How do I store peptides for GERD compared correctly?▼

Lyophilized (freeze-dried) BPC-157 and tesamorelin must be stored at -20 degrees Celsius before reconstitution. Once reconstituted with bacteriostatic water, both require refrigeration at 2-8 degrees Celsius and remain stable for 28-30 days. Temperature excursions above 8 degrees Celsius for more than 4 hours cause irreversible protein denaturation — the peptide looks unchanged but loses biological activity. No home test verifies potency after temperature damage. Use insulin cooler packs rated for 36-48 hours when traveling.

What specific visceral fat reduction qualifies for tesamorelin benefit in GERD?▼

Visceral adipose tissue (VAT) measured via DEXA scan or abdominal MRI correlates with GERD severity.
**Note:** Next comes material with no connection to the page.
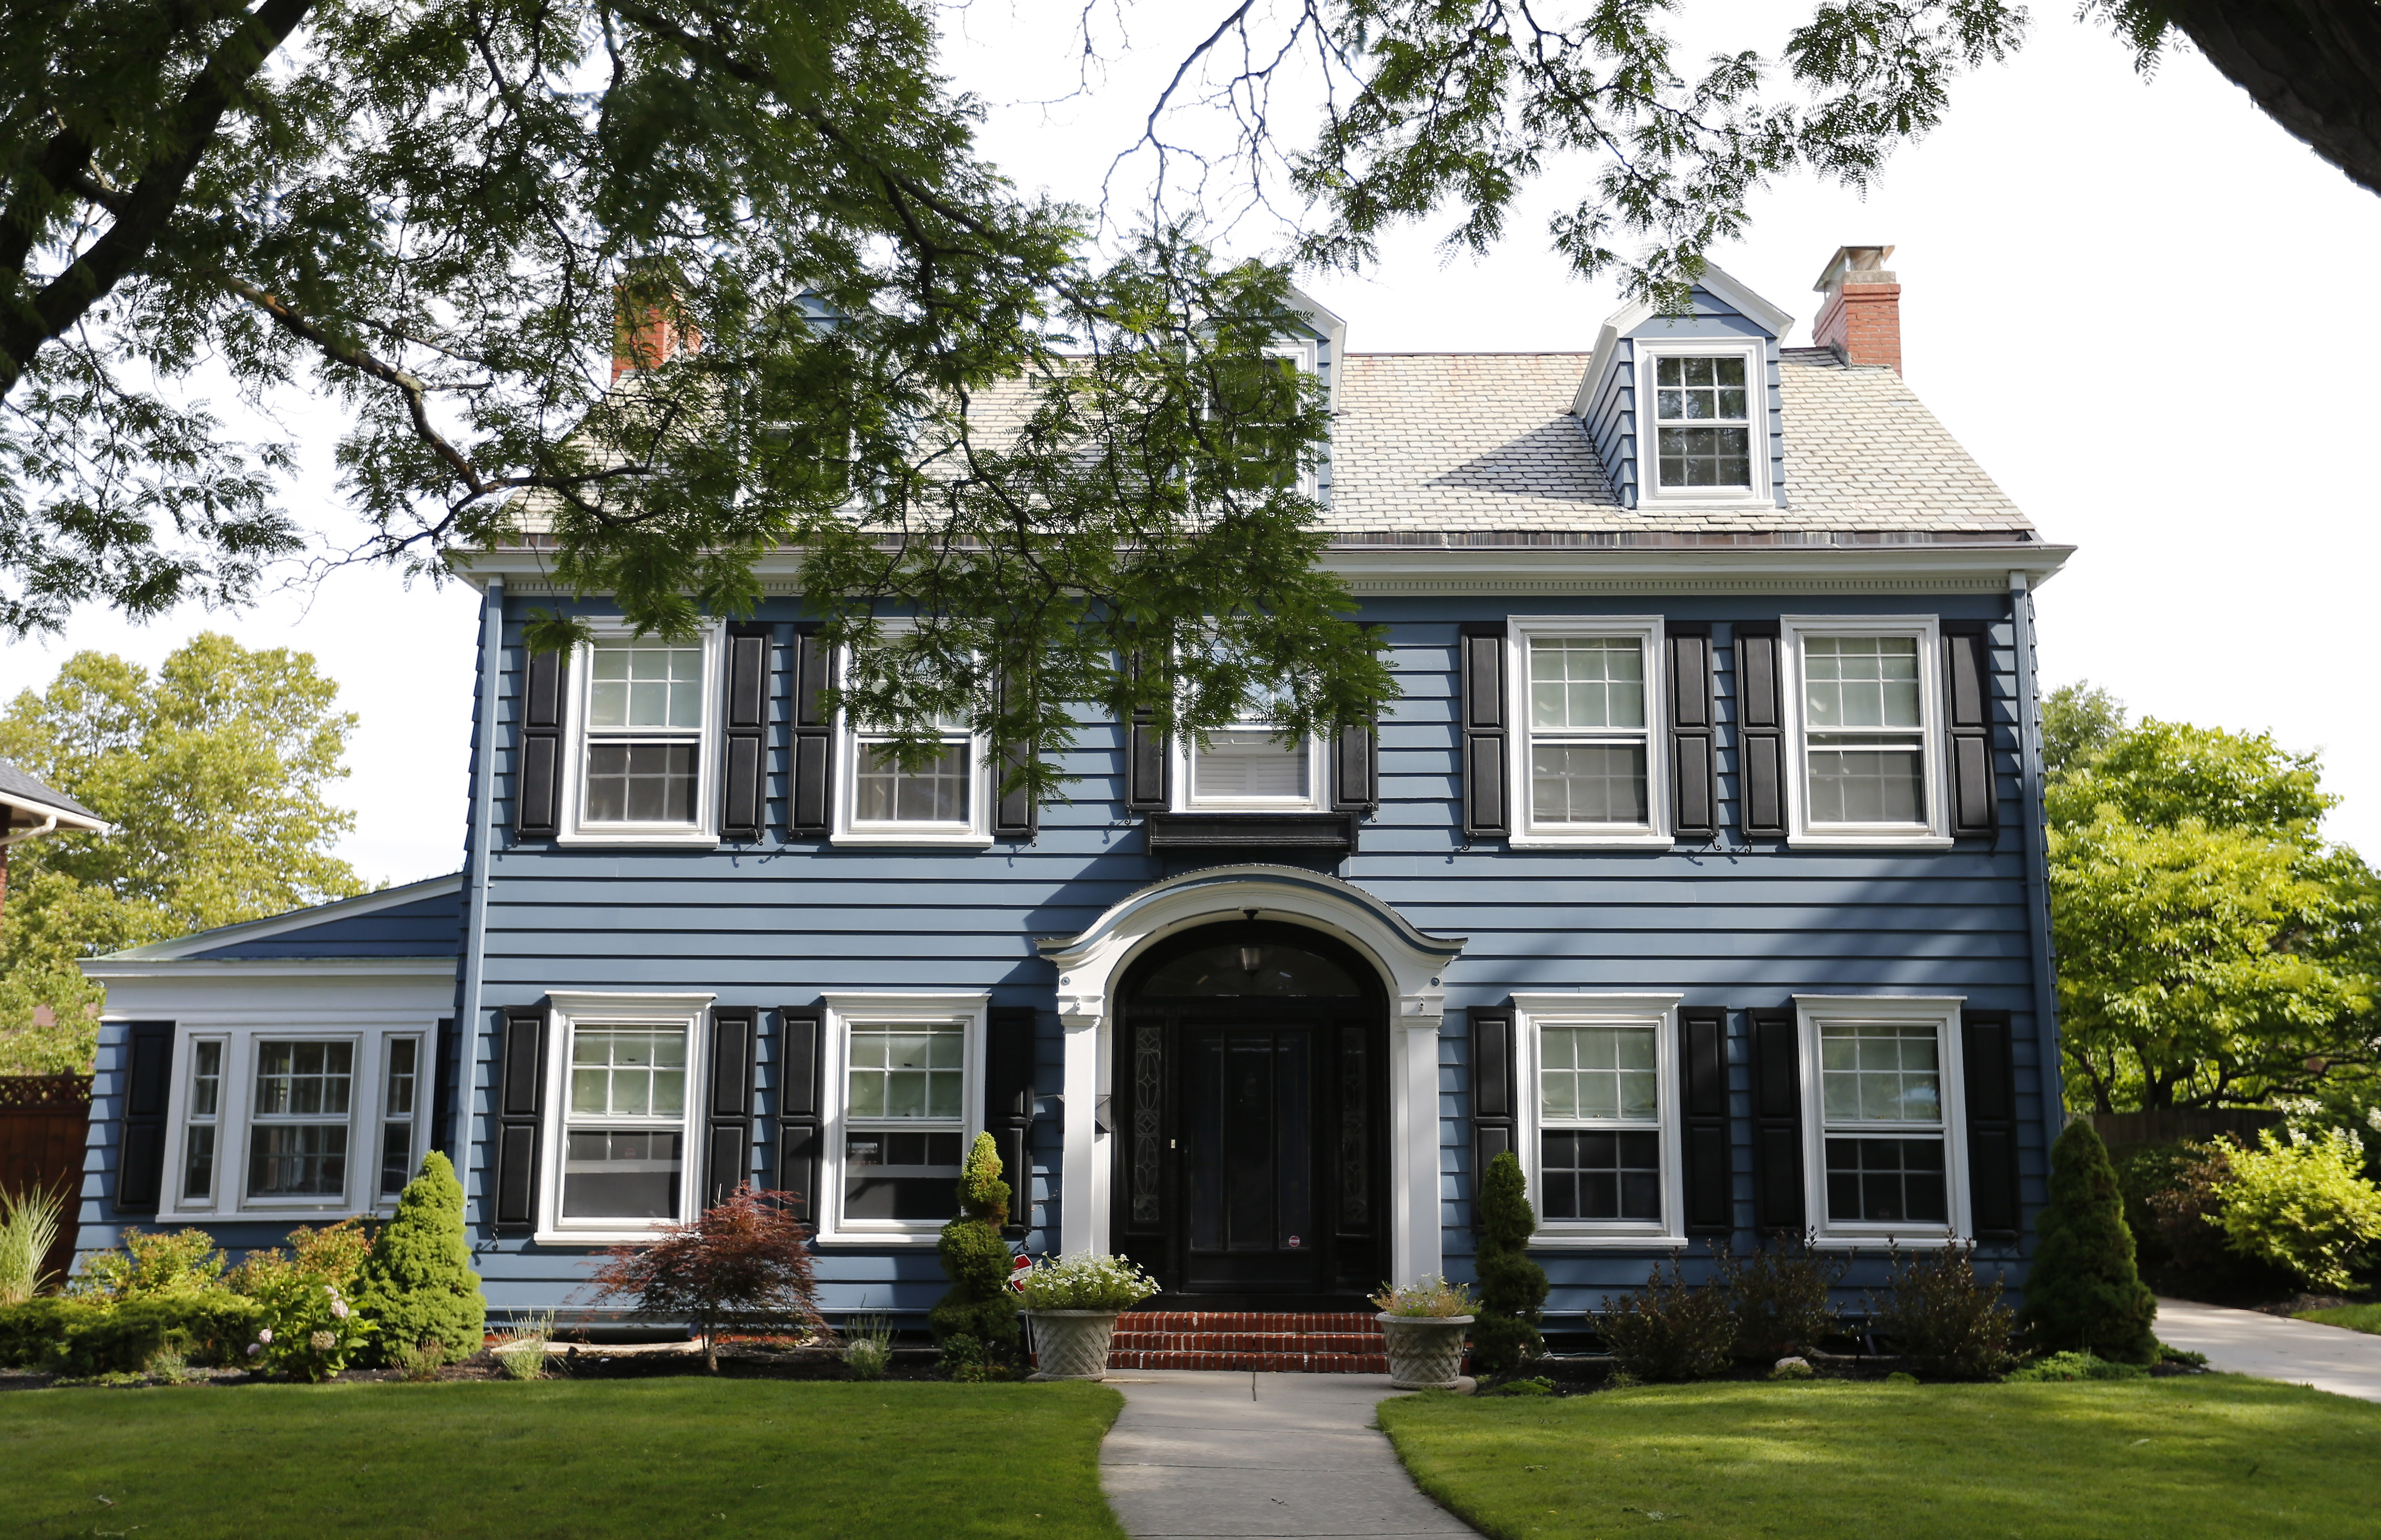 The Central Park neighborhood home of Josephine Zagarella and Torsten Behrens in Buffalo Wednesday, August 17, 2016.       (Mark Mulville/Buffalo News)

Studies suggest VAT exceeding 130 square centimeters at the L4-L5 vertebral level significantly increases reflux risk due to mechanical pressure on the stomach and lower esophageal sphincter. Tesamorelin reduces VAT by approximately 15-18 percent over 26 weeks in responsive individuals — translating to a 20-25 square centimeter reduction if starting VAT is 150 square centimeters. That magnitude of reduction measurably decreases intra-abdominal pressure in metabolic studies.